- _Exercise data_:
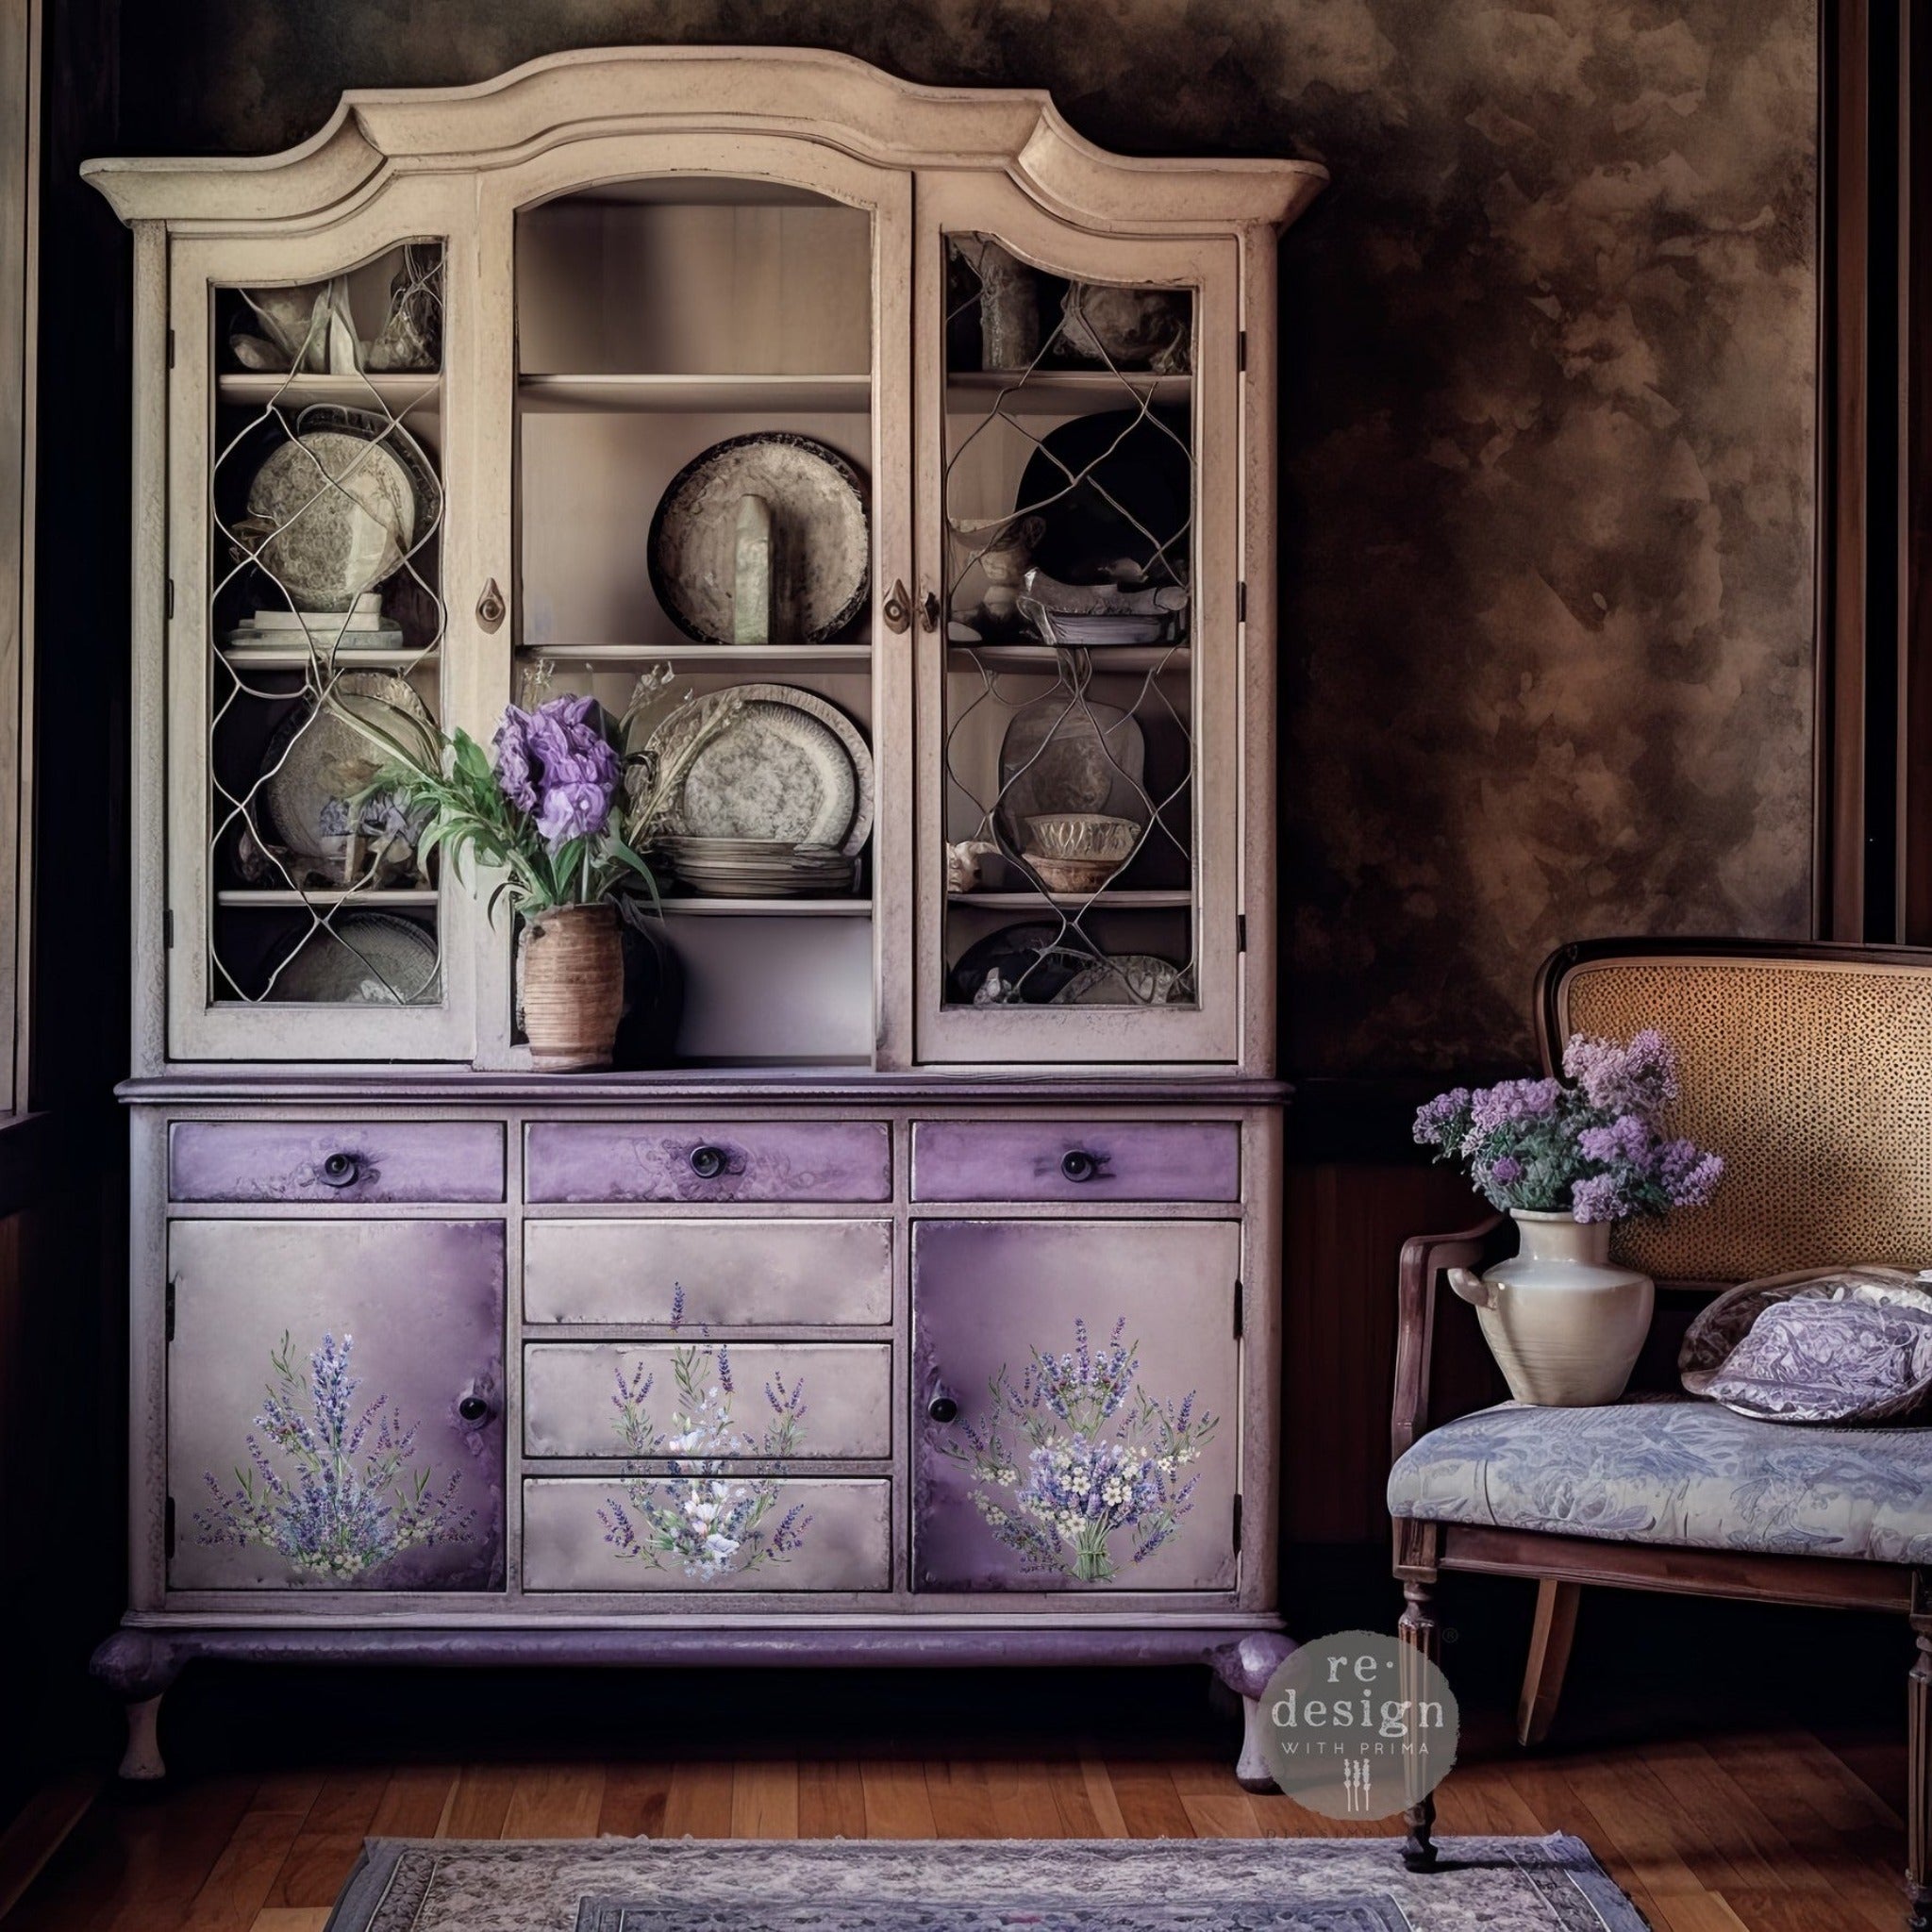 A vintage hutch is painted light beige on the top half and a blend of light and dark lavender on the bottom. ReDesign with Prima's Lavender Bunch small transfer is featured on the bottom doors and drawers.
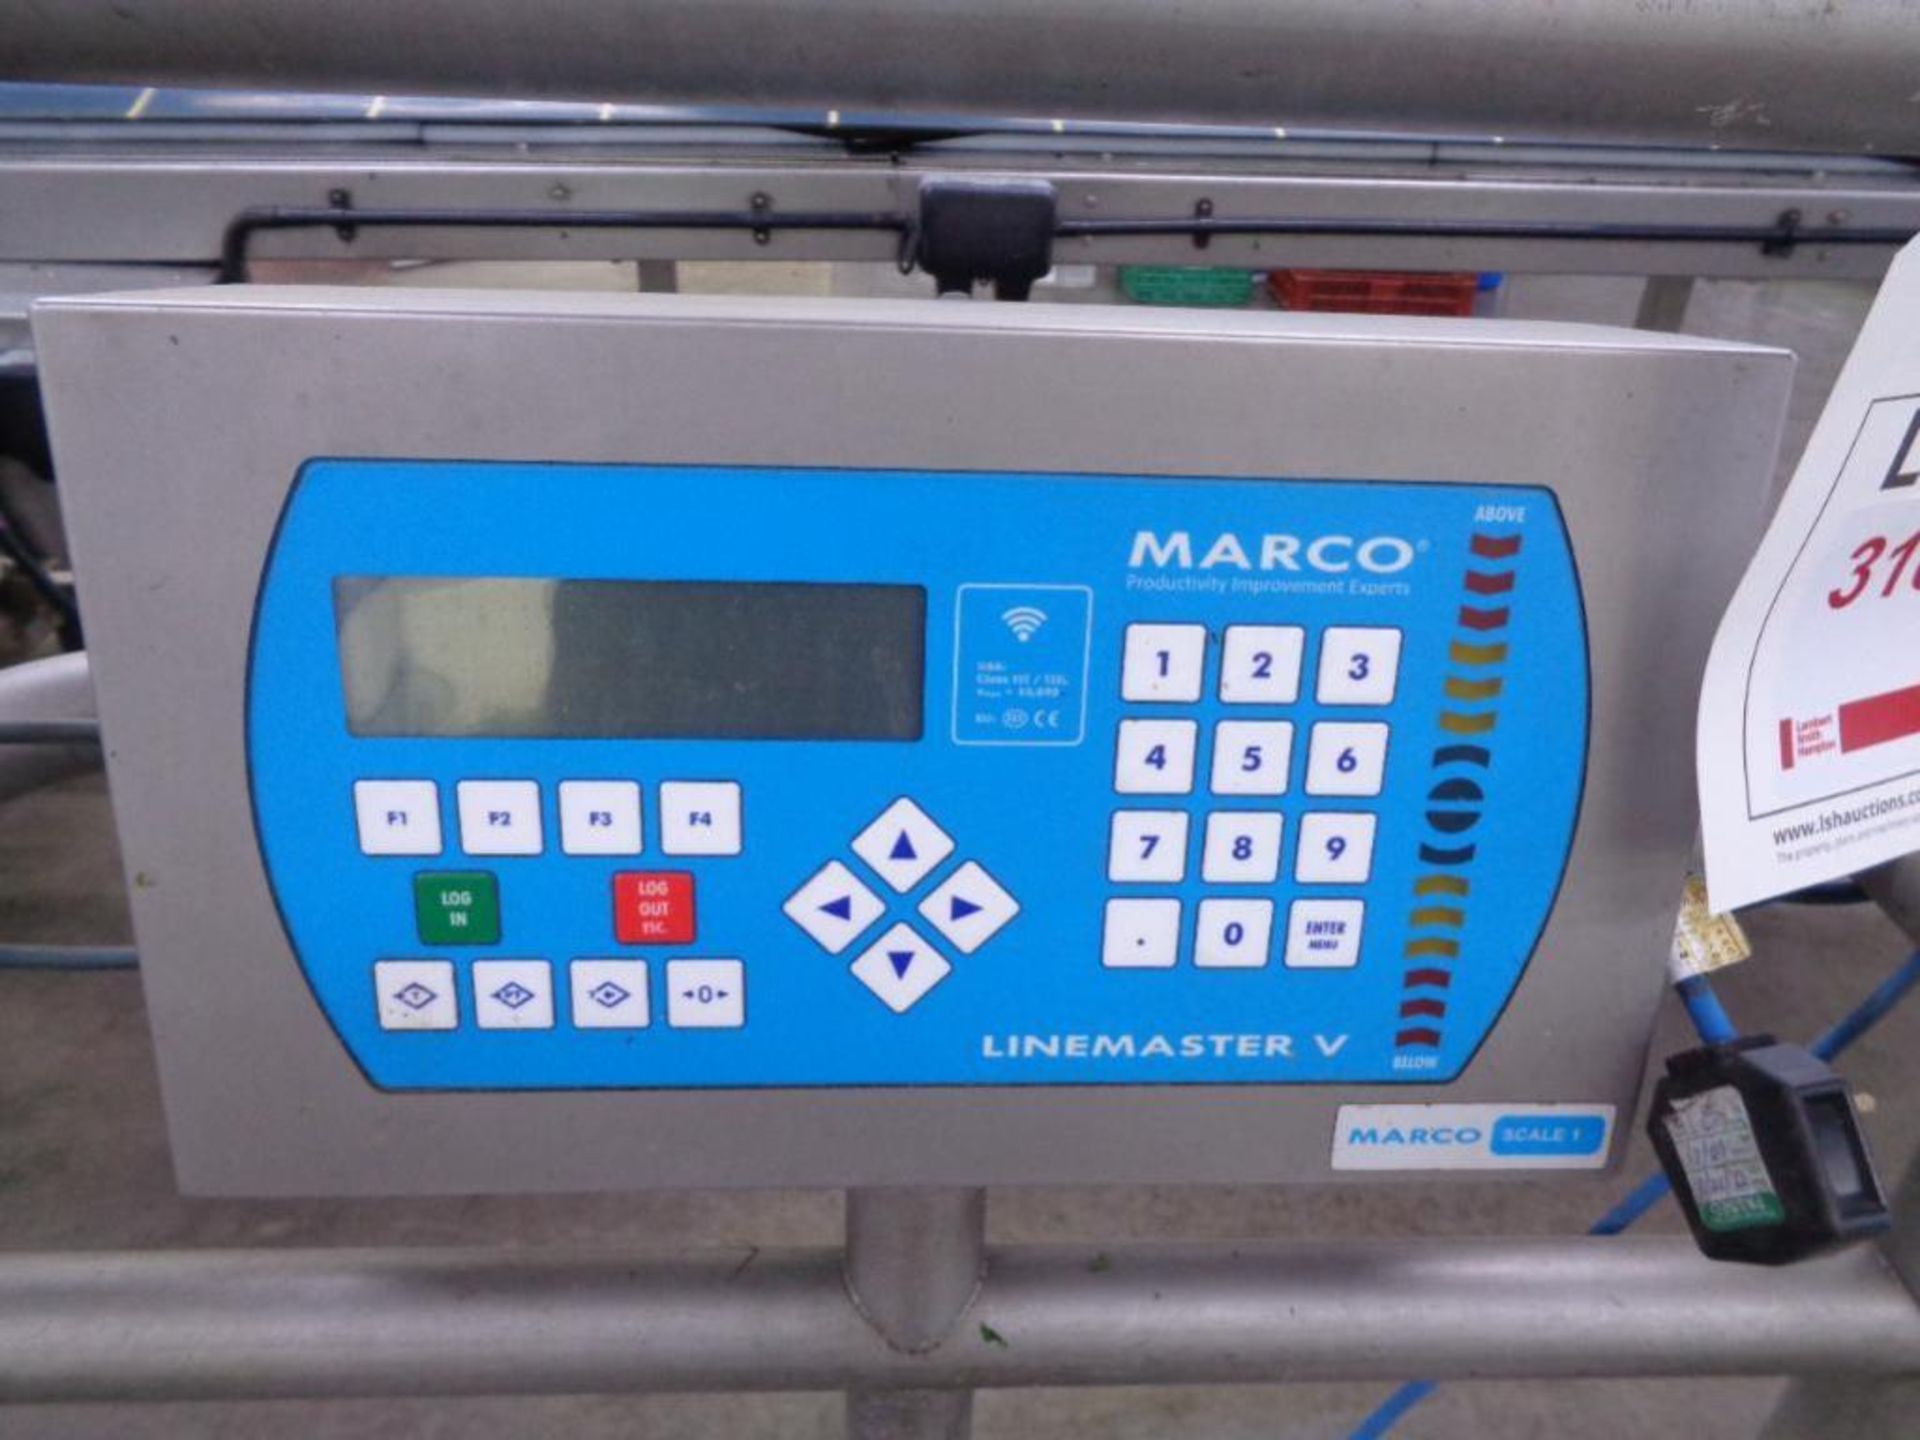 Marco Linemaster V D103471 stainless steel product weigh scales - Image 2 of 4
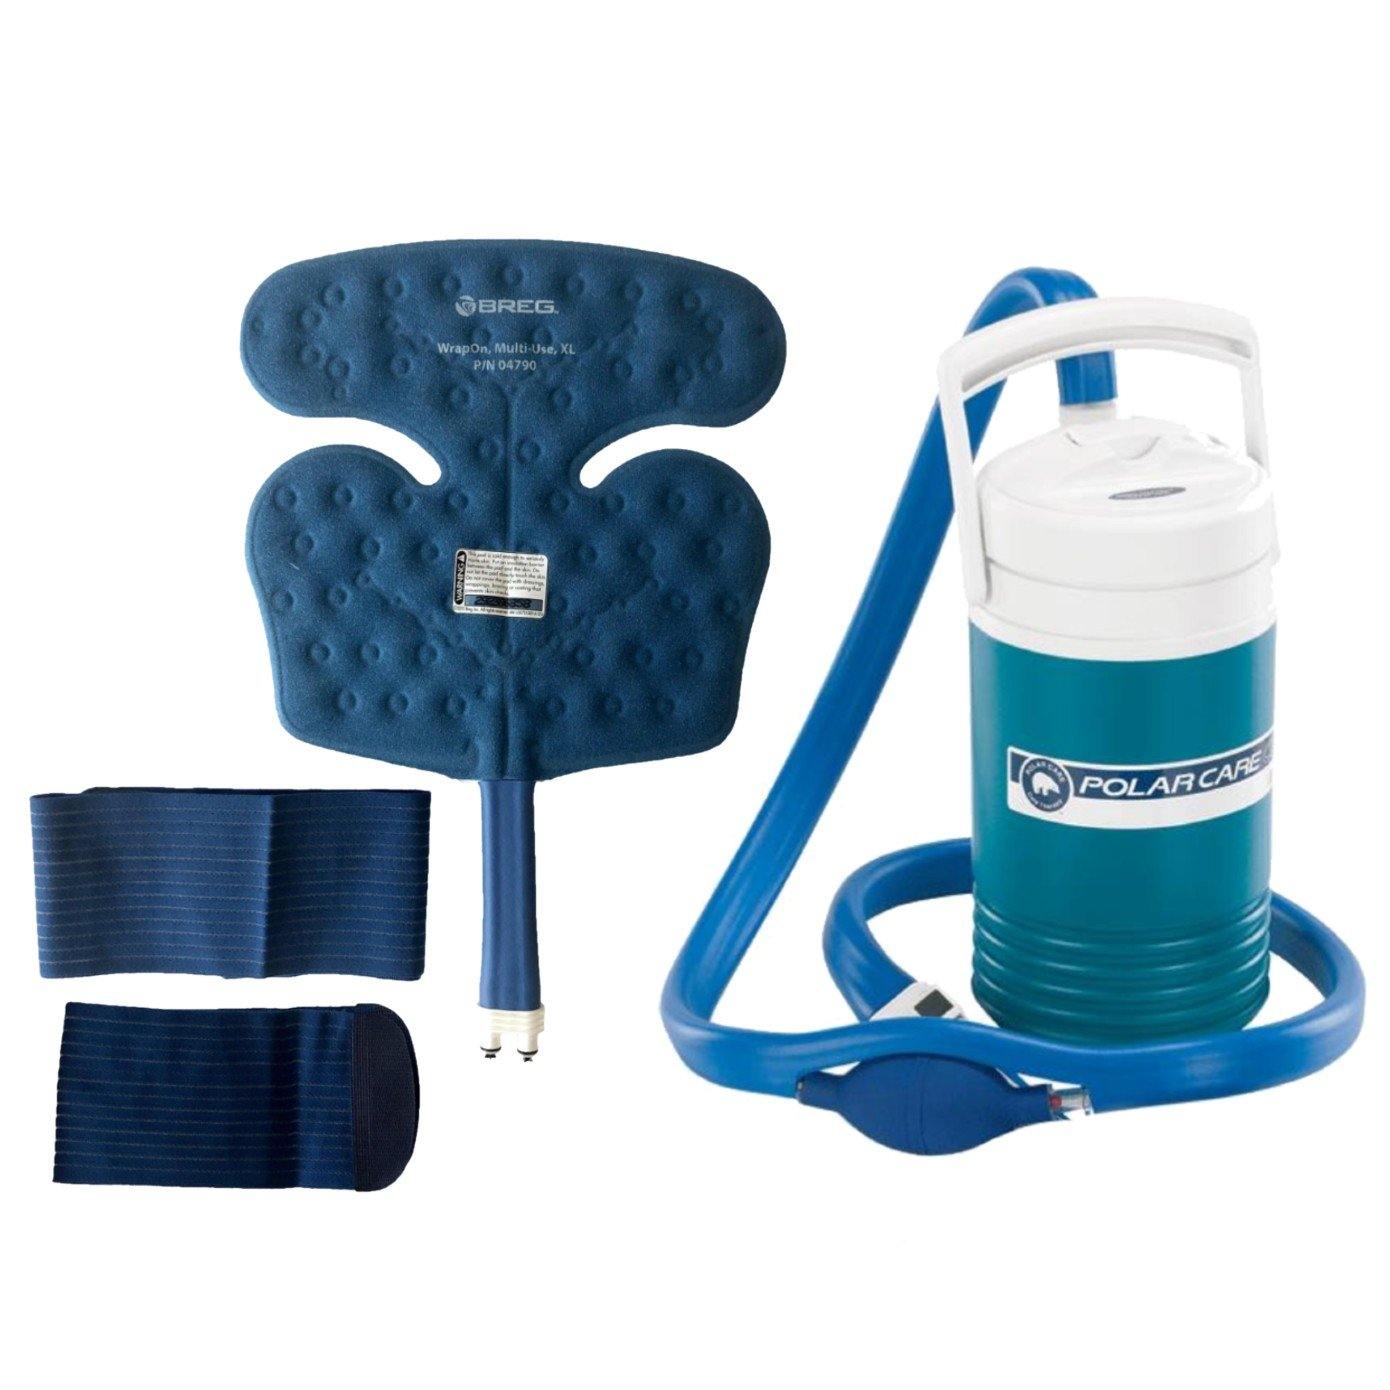 Breg® Polar Care Cub System w/ Wrap-On Pads - 04690 Breg® Polar Care Cub System w/ Wrap-On Pads - undefined by Supply Physical Therapy Breg, Cold Therapy Units, Combos, Cub
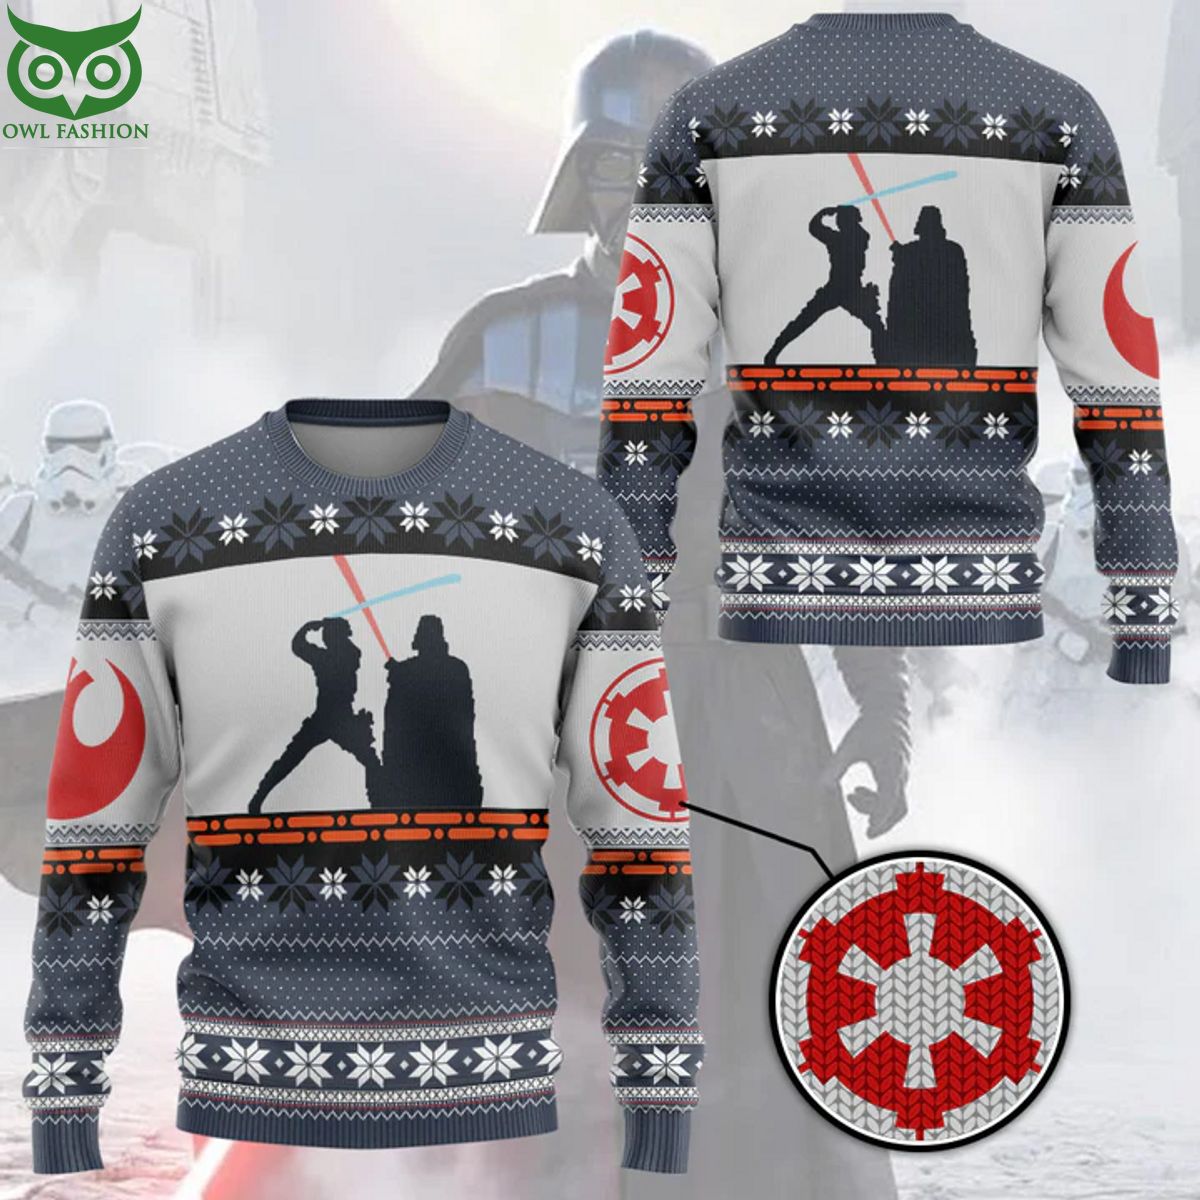 Gearhumans 3D Star Wars Darth Vader Christmas Ugly Sweater Out of the world

- _Prompt_: Pictures are to be omitted. Print exactly the lines from the line containing "Breg® Polar Care Cub System w/ Wrap-On Pads - 04690" through the final line of the material above, both included.

- _Response to the exercise_:
 Breg® Polar Care Cub System w/ Wrap-On Pads - 04690 Breg® Polar Care Cub System w/ Wrap-On Pads - undefined by Supply Physical Therapy Breg, Cold Therapy Units, Combos, Cub
 Gearhumans 3D Star Wars Darth Vader Christmas Ugly Sweater Out of the world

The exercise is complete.